Things Are Great

by Band Of Horses

Band Of Horses - Things Are Great

Ratings

Music: ★★★☆☆ (3.5/5)

Sound: ☆☆☆☆☆ (0.0/5)

Review

**Band Of Horses - Things Are Great**
★★★☆☆

After a five-year absence that felt like an eternity in rock years, Ben Bridwell and his merry band of Pacific Northwest dreamers have returned with *Things Are Great*, an album that arrives carrying both the weight of expectation and the curious burden of its own title's optimism. Following 2016's *Why Are You OK*, a record that found the band grappling with existential uncertainty, this sixth studio effort presents itself as something of an antidote – though whether things are actually great remains deliciously ambiguous throughout these eleven tracks.

The intervening years haven't been idle ones for Bridwell. The frontman relocated from South Carolina back to his native Seattle, a geographical shift that seems to have rekindled something essential in the band's DNA. There's a renewed sense of purpose here, a return to the expansive, reverb-soaked soundscapes that made *Everything All The Time* and *Cease to Begin* such compelling statements.

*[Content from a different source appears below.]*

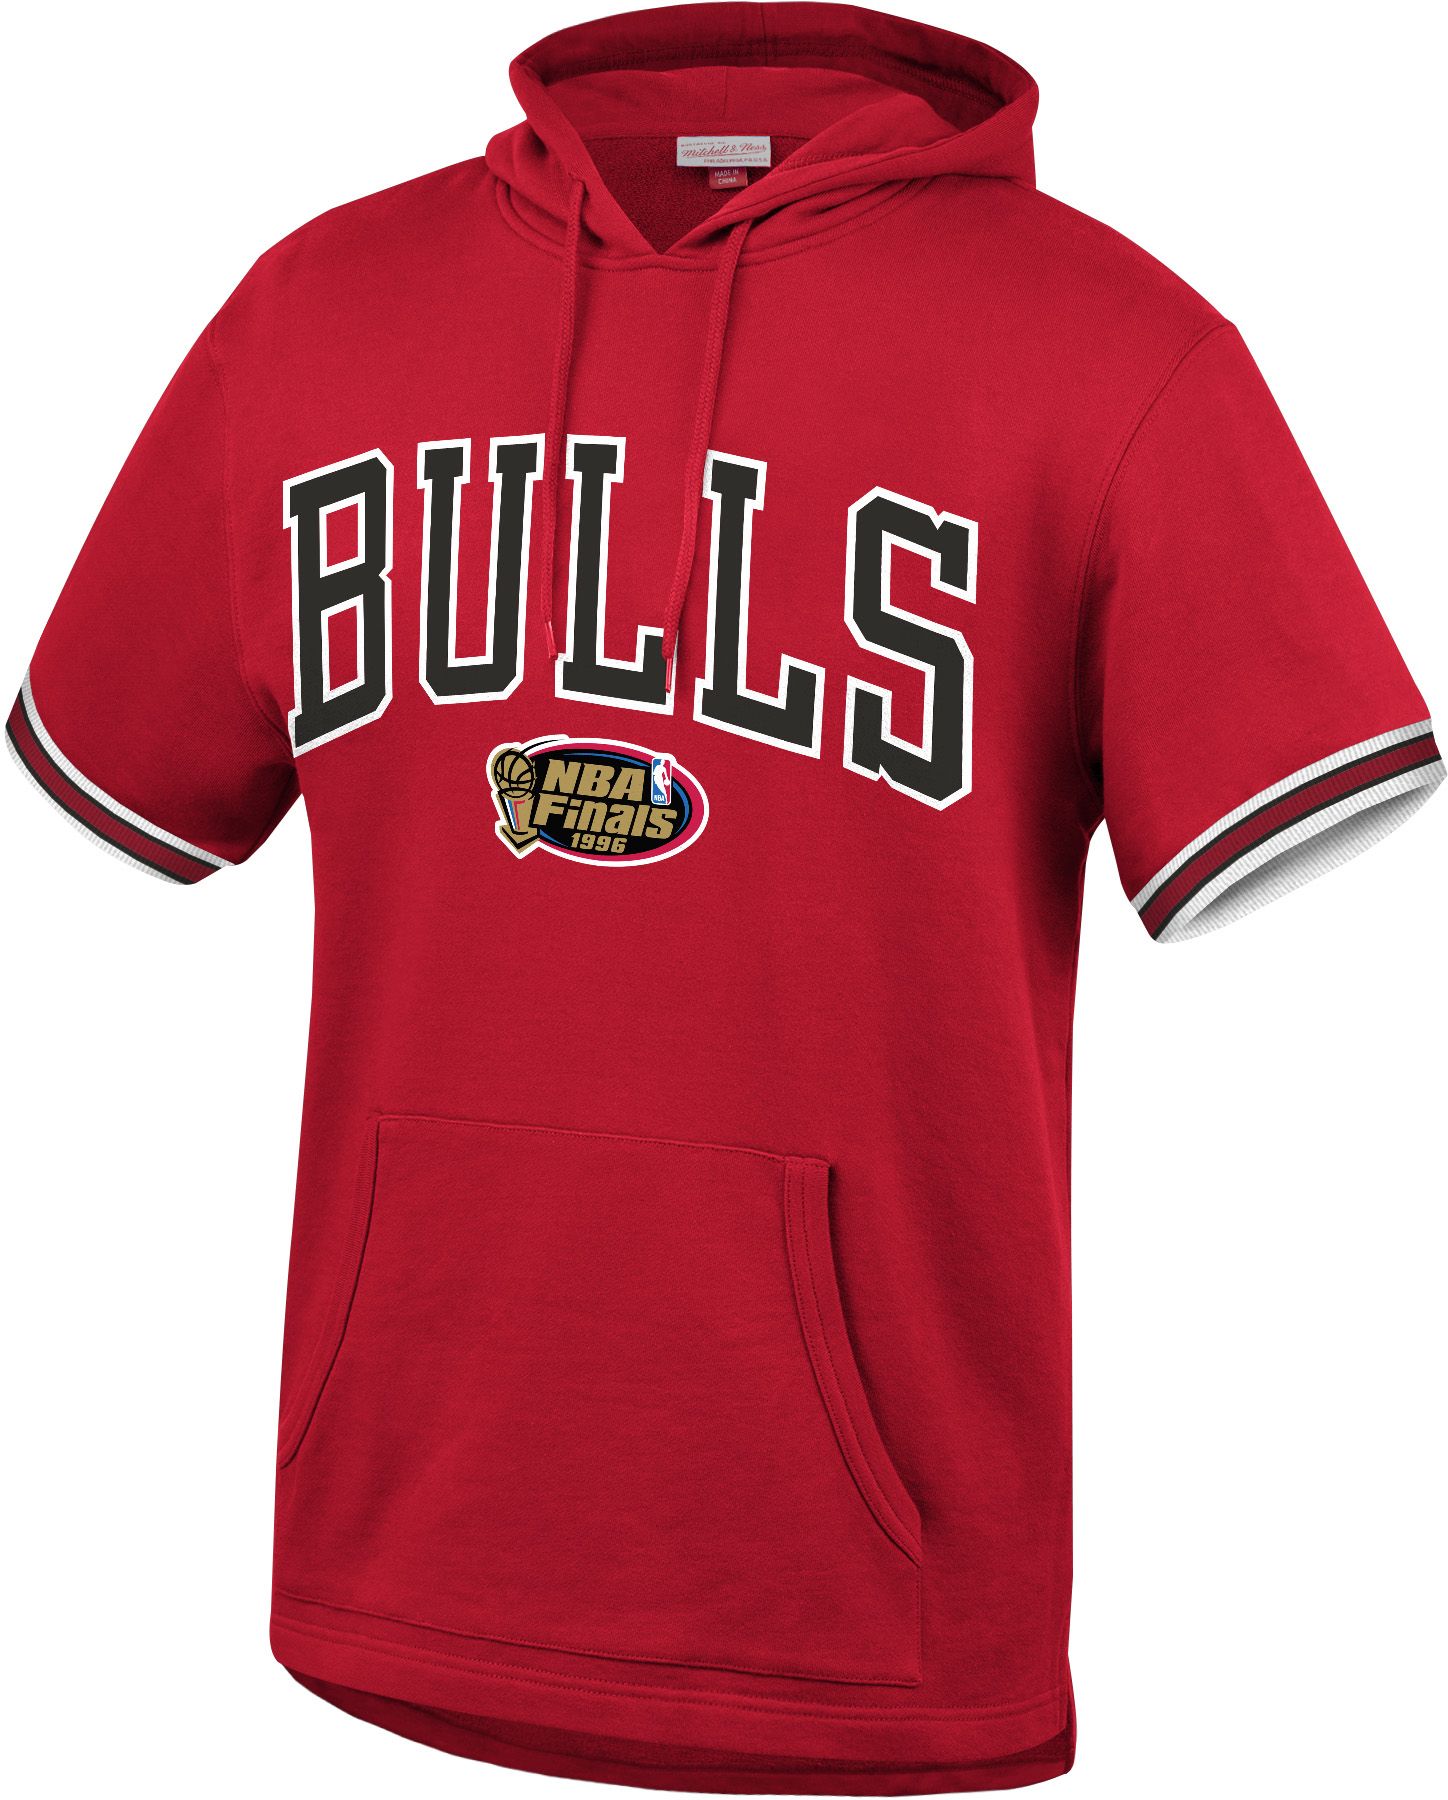 bulls short sleeve jersey
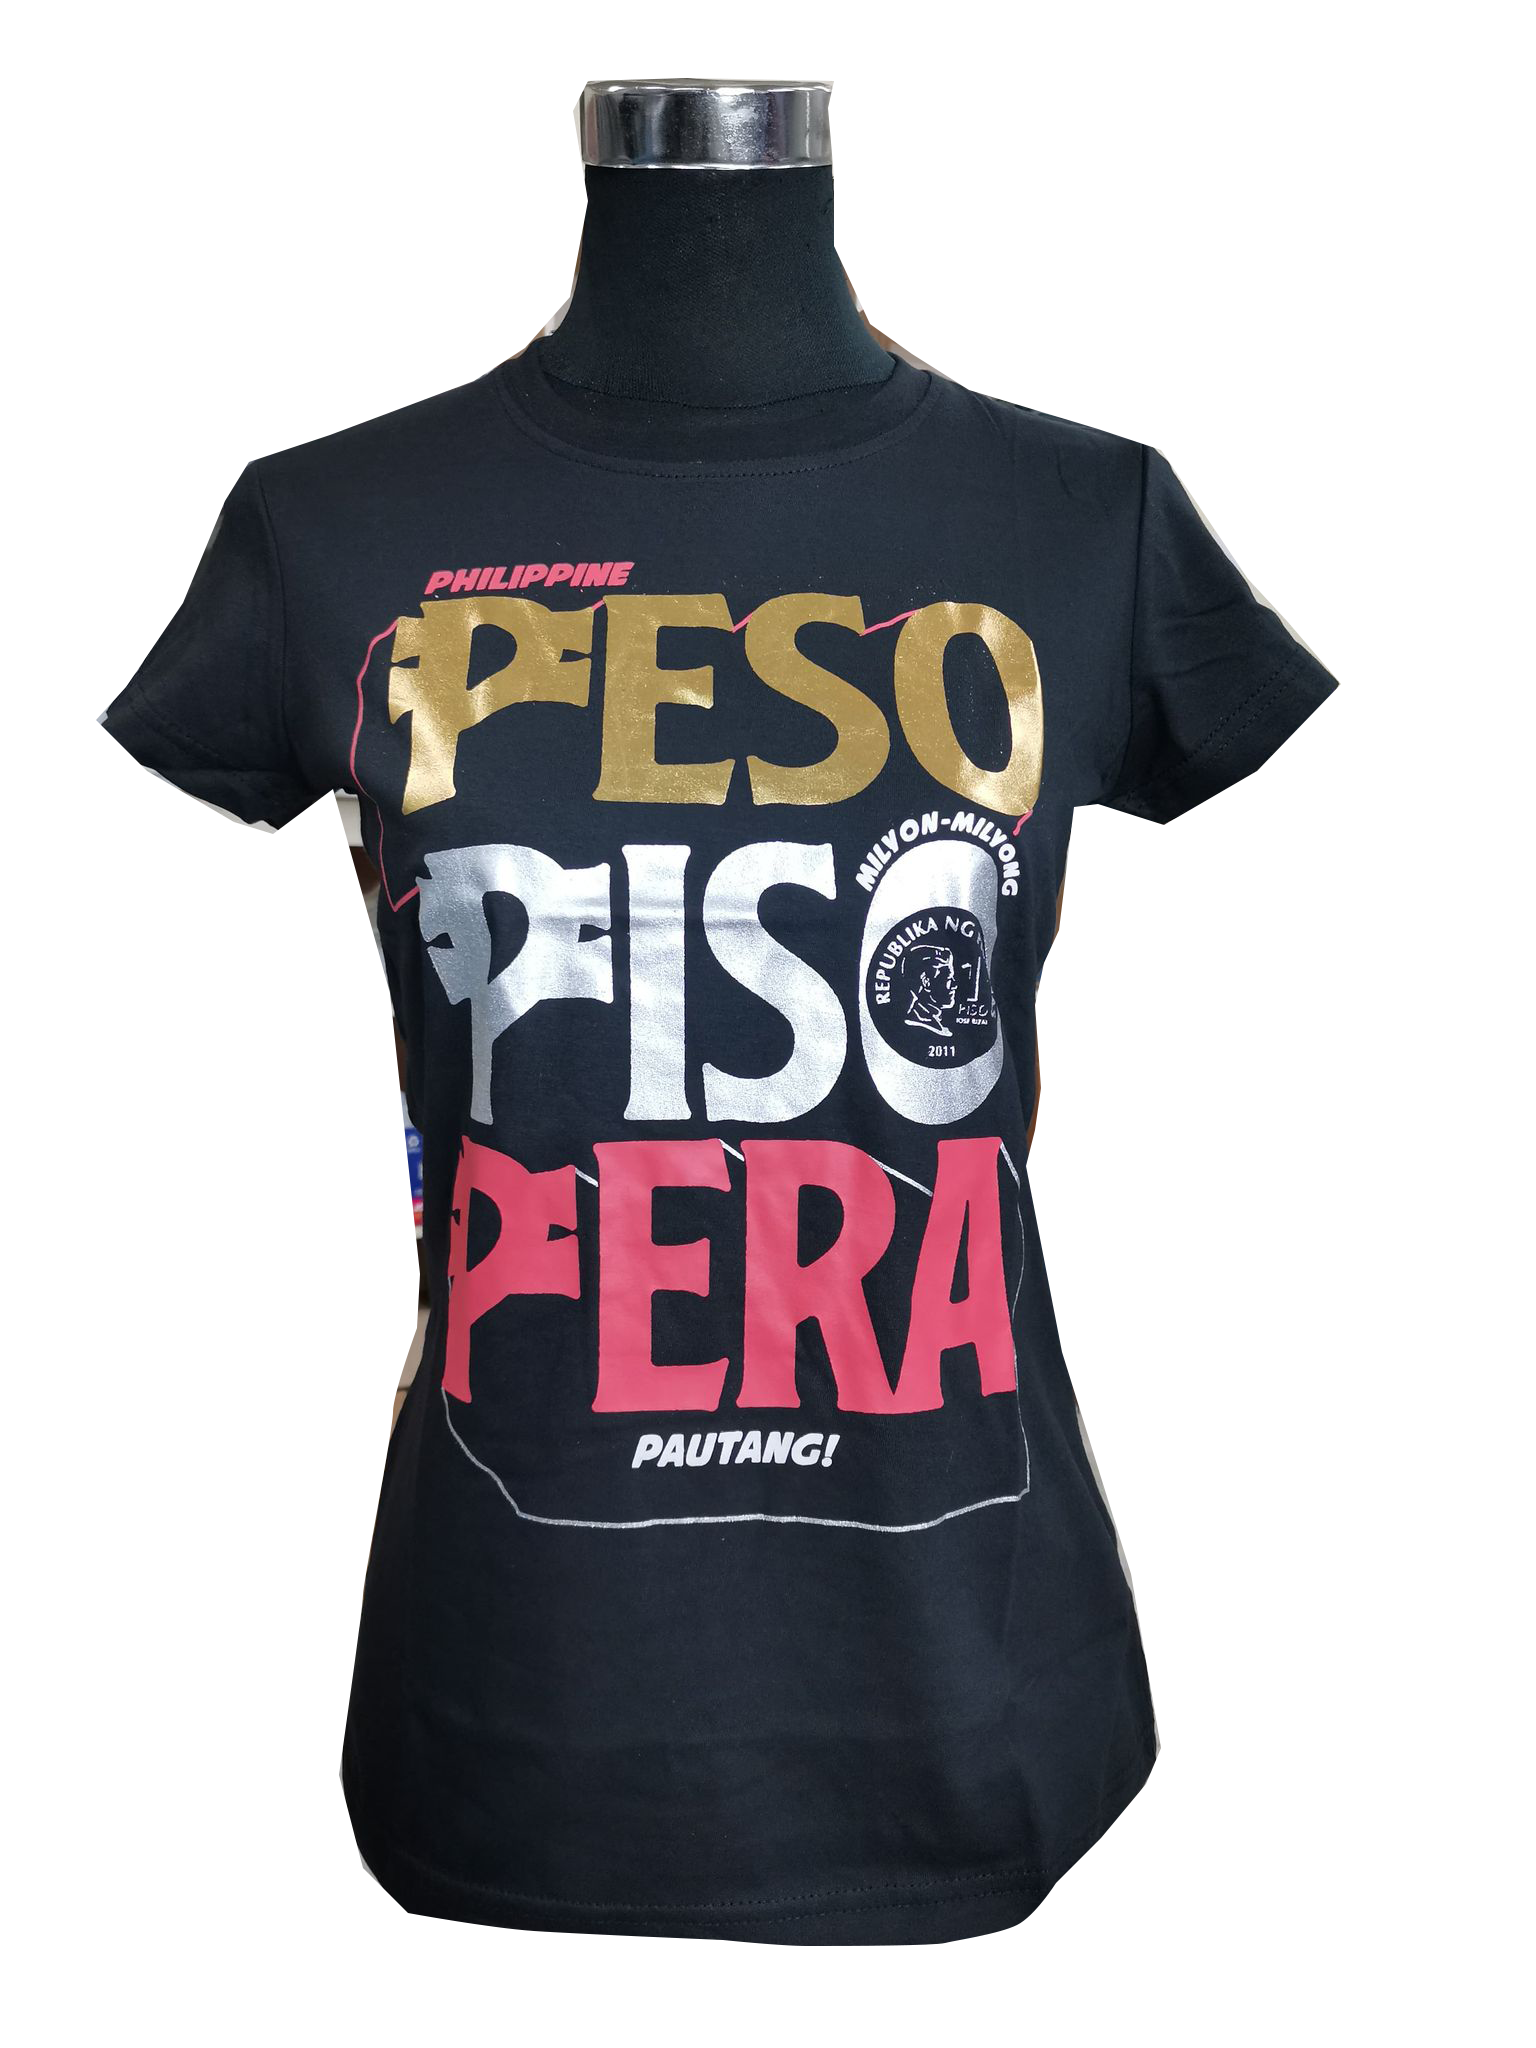 Peso Piso Pera T-shirt for Ladies

Yet this isn't mere nostalgia tourism – *Things Are Great* finds Band Of Horses attempting to reconcile their established sonic palette with a more mature, contemplative worldview.

Musically, the album occupies familiar territory for the band, dwelling in that sweet spot between indie rock grandeur and Americana introspection. Bridwell's falsetto remains the north star around which everything orbits, that distinctive voice capable of transforming even the most mundane observation into something approaching the sublime. The production, handled by Grandaddy's Jason Lytle, strikes an effective balance between the band's natural inclination toward wall-of-sound maximalism and a more nuanced approach that allows individual elements to breathe.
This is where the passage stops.